### RECORD EXCERPTS ###

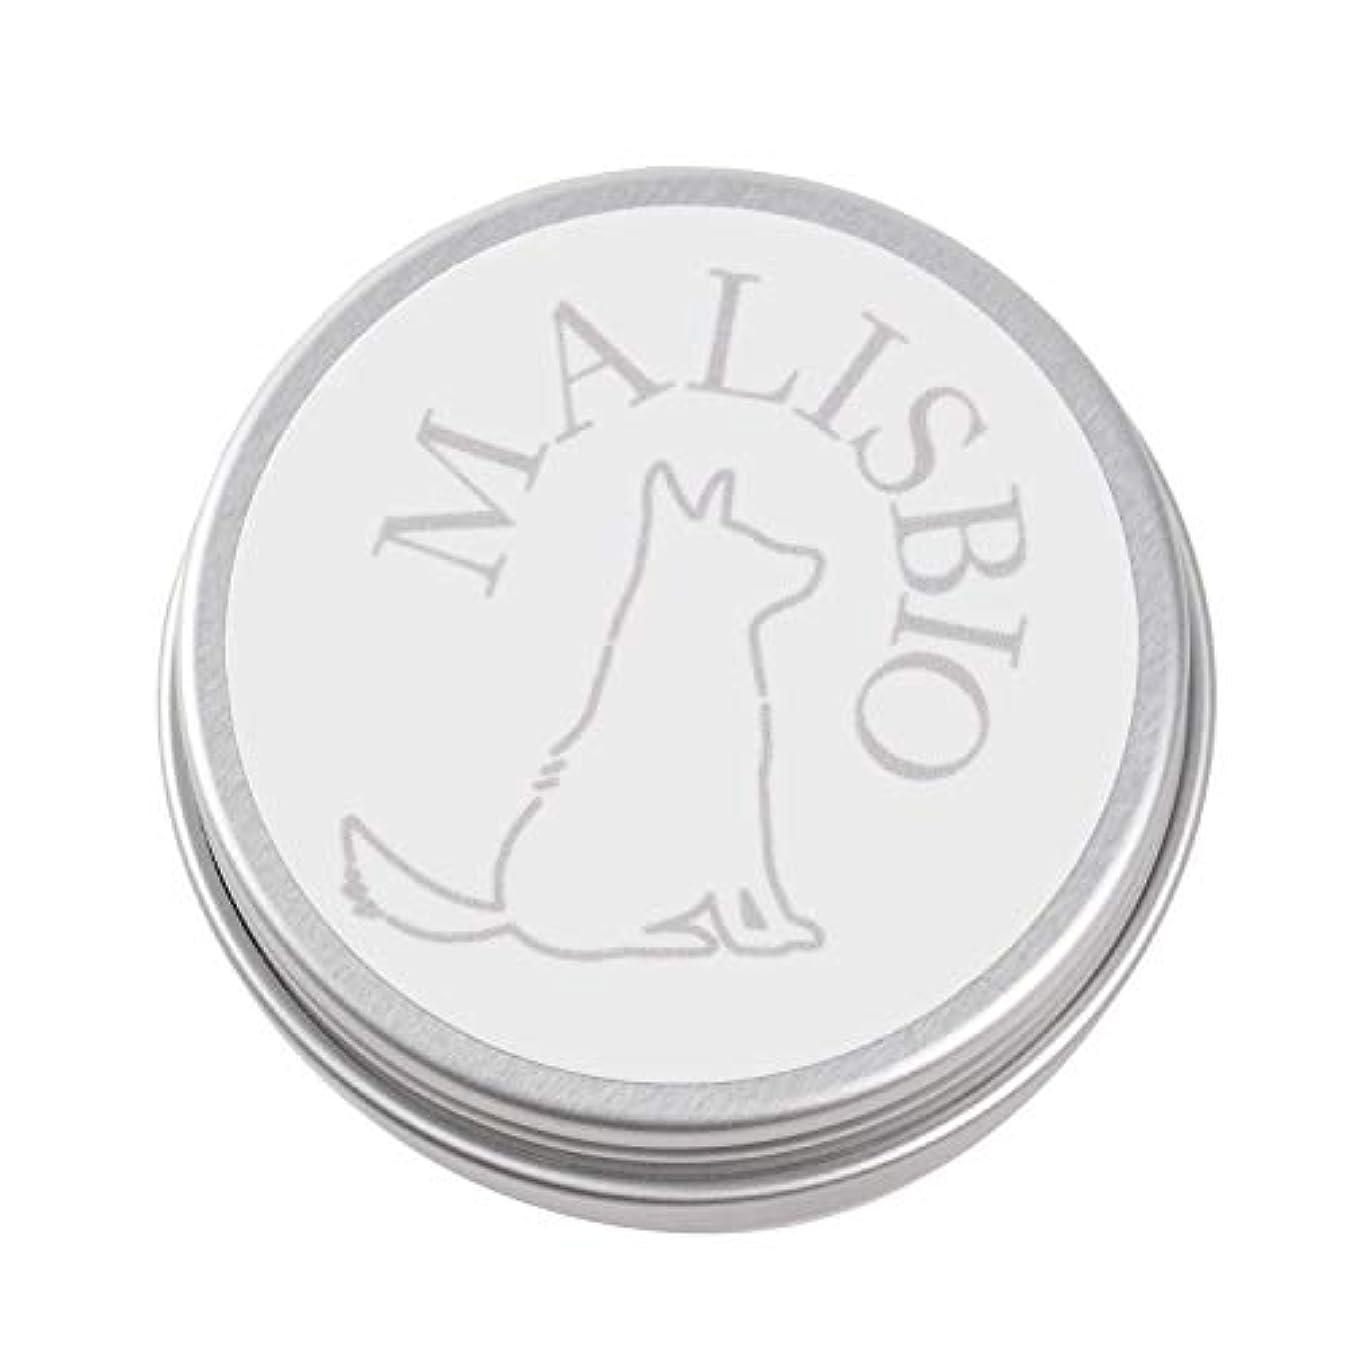 味わうピザ少し携帯ケース 20g MALIS マリス シアバター専用 <日本製> (20)
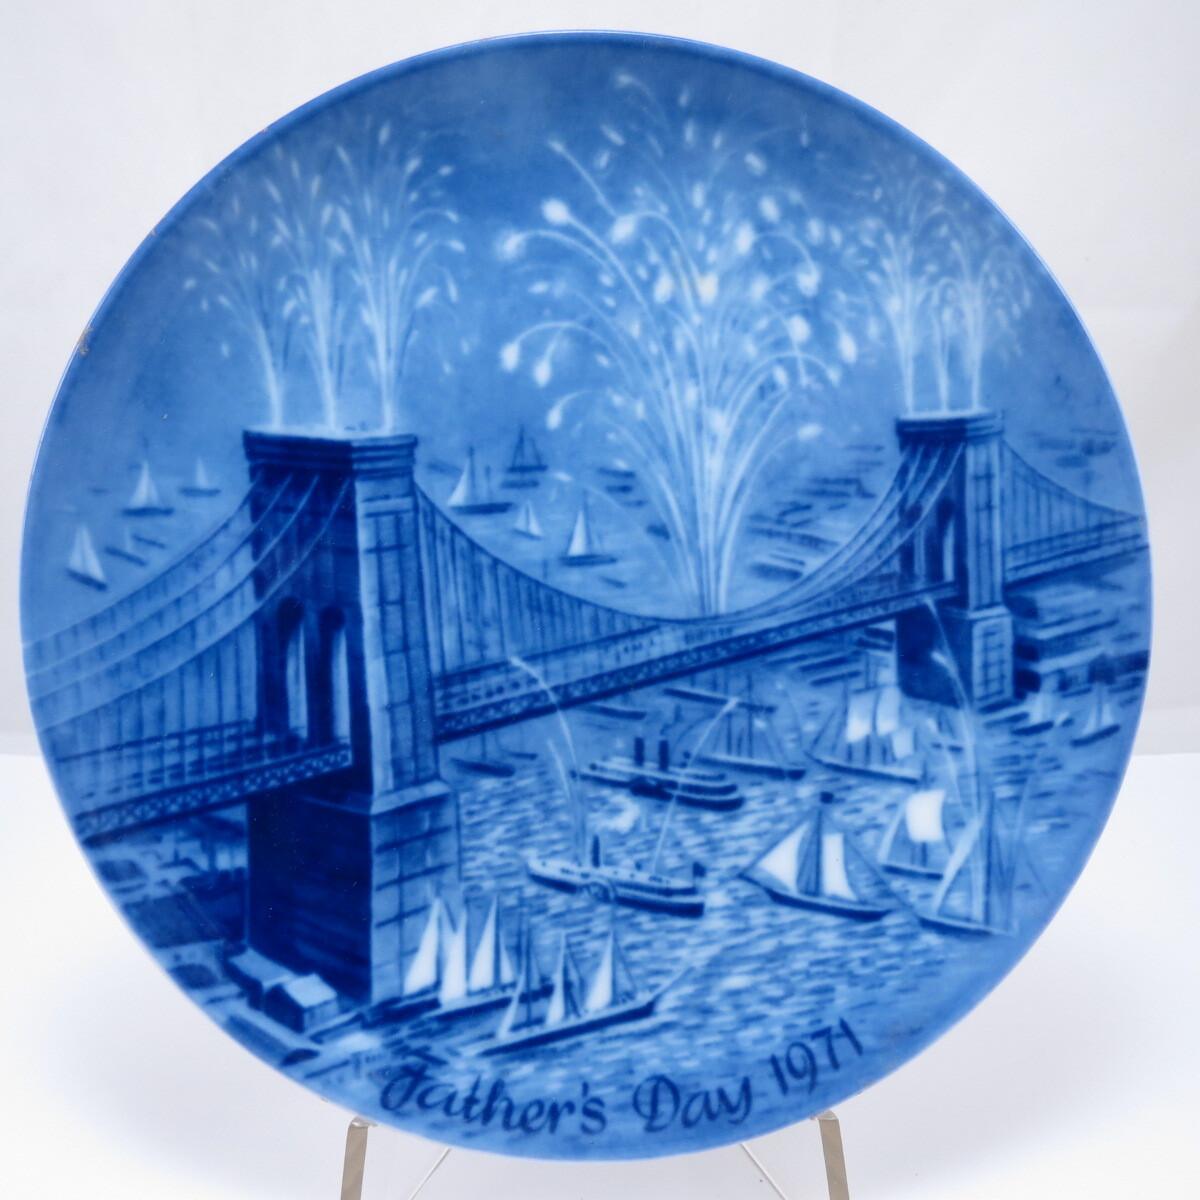 """Декоративная коллекционная тарелка """"День отца 1971: Бруклинский мост"""". Фарфор, деколь. Германия, Berlin Design. 1971"""
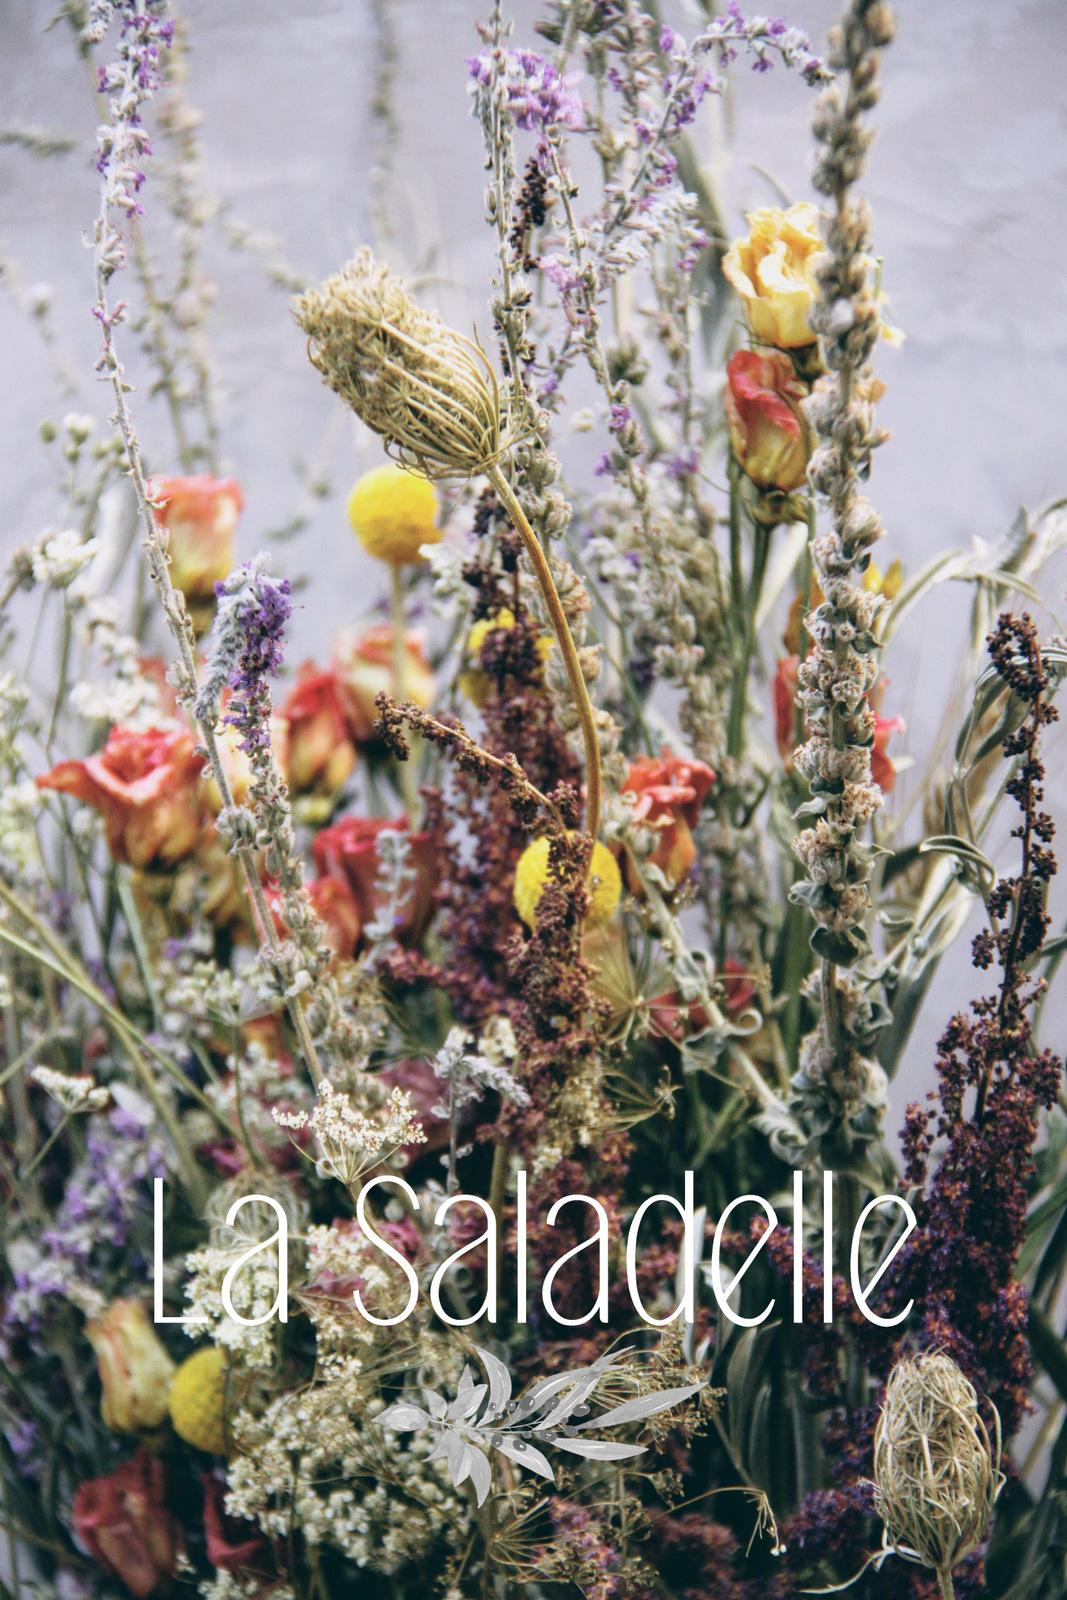 Fleurs séchées #7# - Grand bouquet champêtre - La saladelle
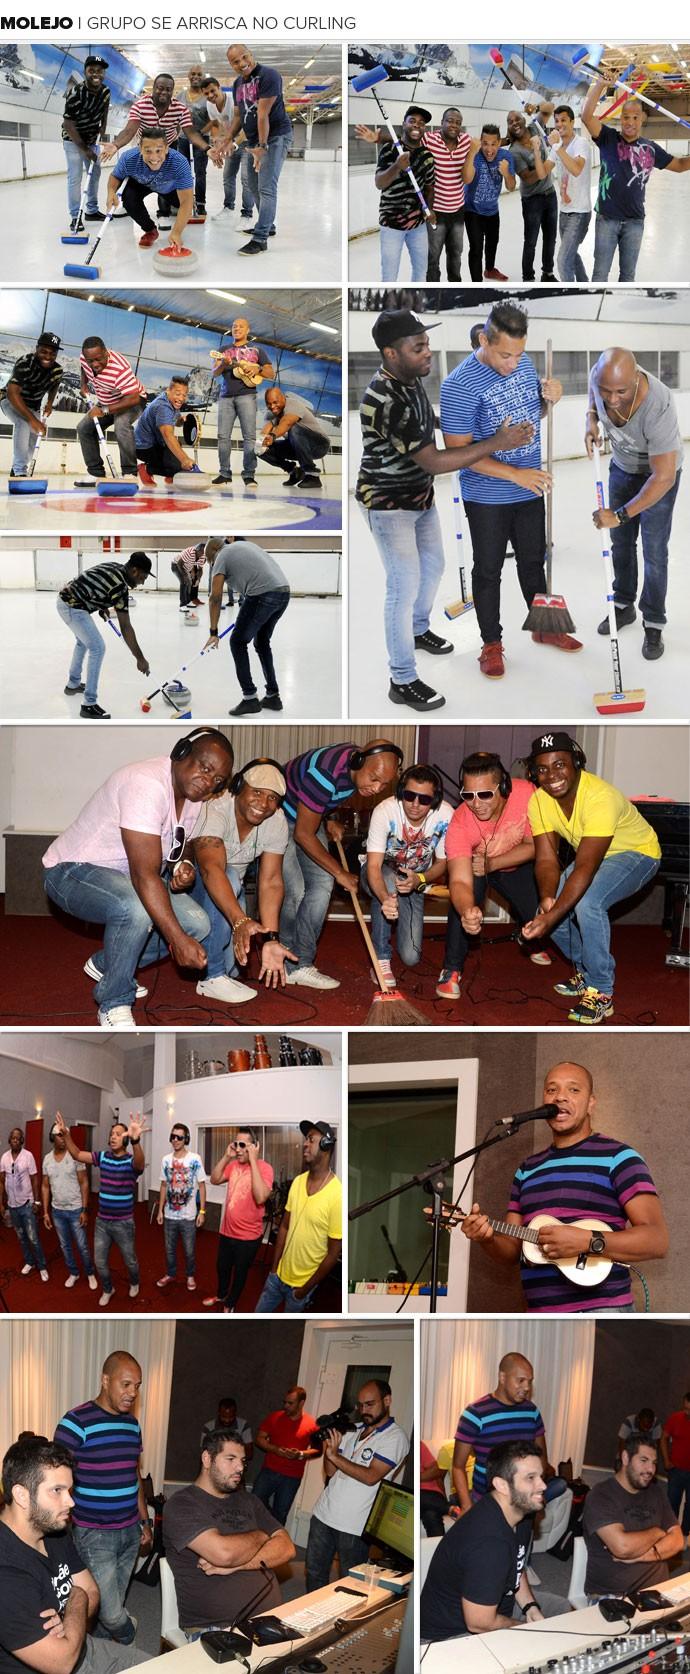 MOSAICO: Molejo - Grupo se arrisca no curling  (Foto: editoria de arte)
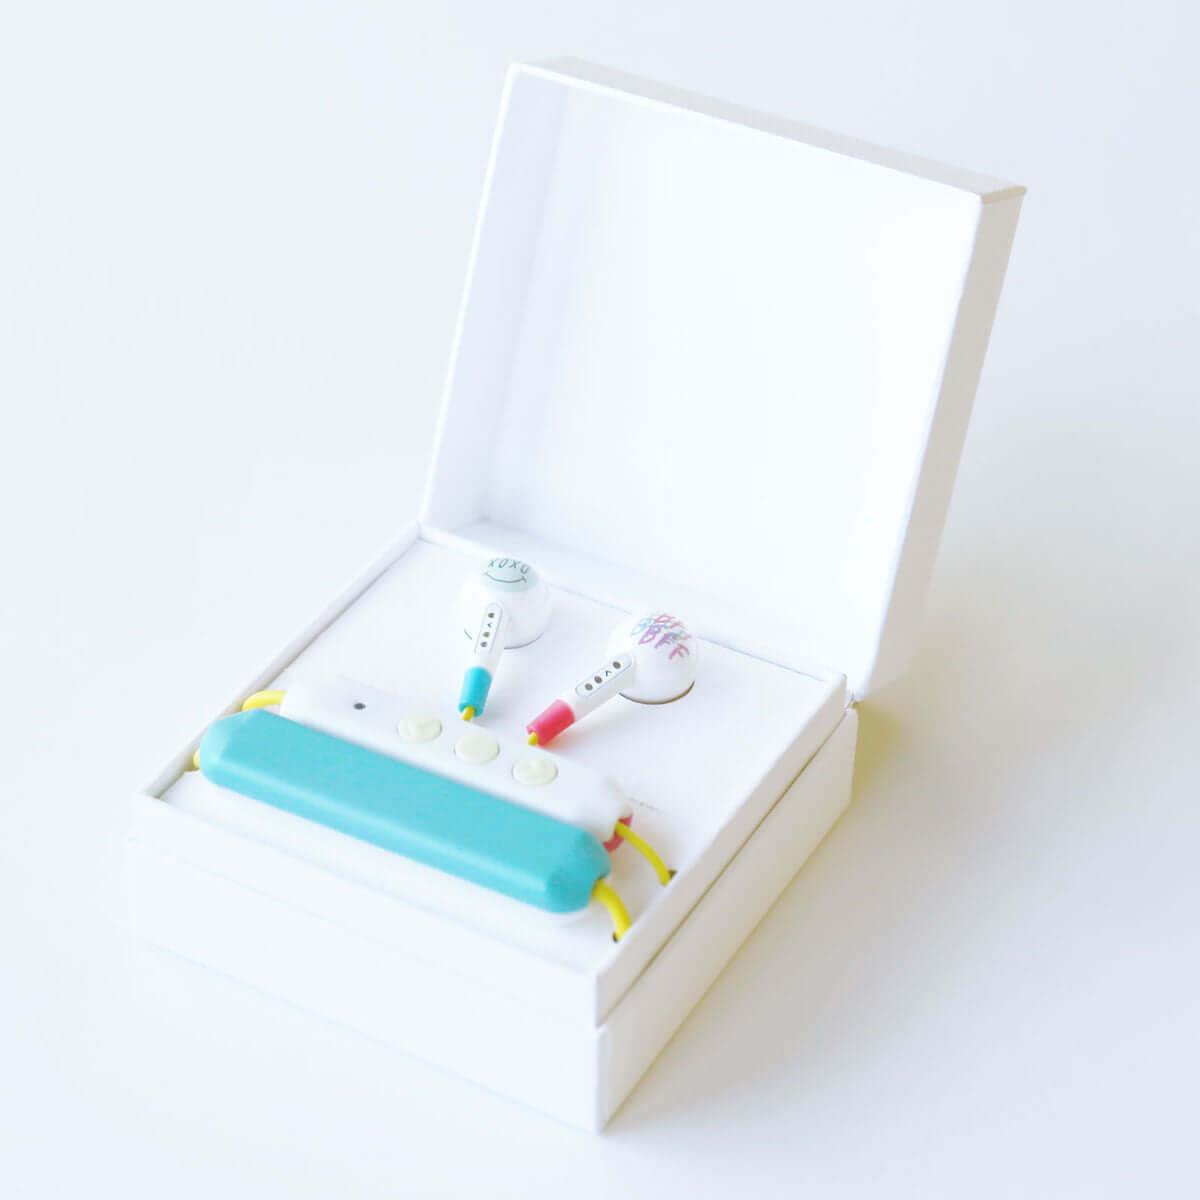 クリスマスプレゼントにおすすめ!カスタムできるワイヤレスイヤフォン「KOTORI 101++」が登場 kotori_05-1200x1200

###

_ABOUT THIS EXERCISE_: Your answer must be the lines above from the one holding "отца 1971: Бруклинский" up to and including the one holding "MOSAICO: Molejo - Grupo", exact and with no pictures.

_THE ANSWER_:
 """Декоративная коллекционная тарелка """"День отца 1971: Бруклинский мост"""". Фарфор, деколь. Германия, Berlin Design. 1971"""
 Fleurs séchées #7# - Grand bouquet champêtre - La saladelle
 MOSAICO: Molejo - Grupo se arrisca no curling  (Foto: editoria de arte)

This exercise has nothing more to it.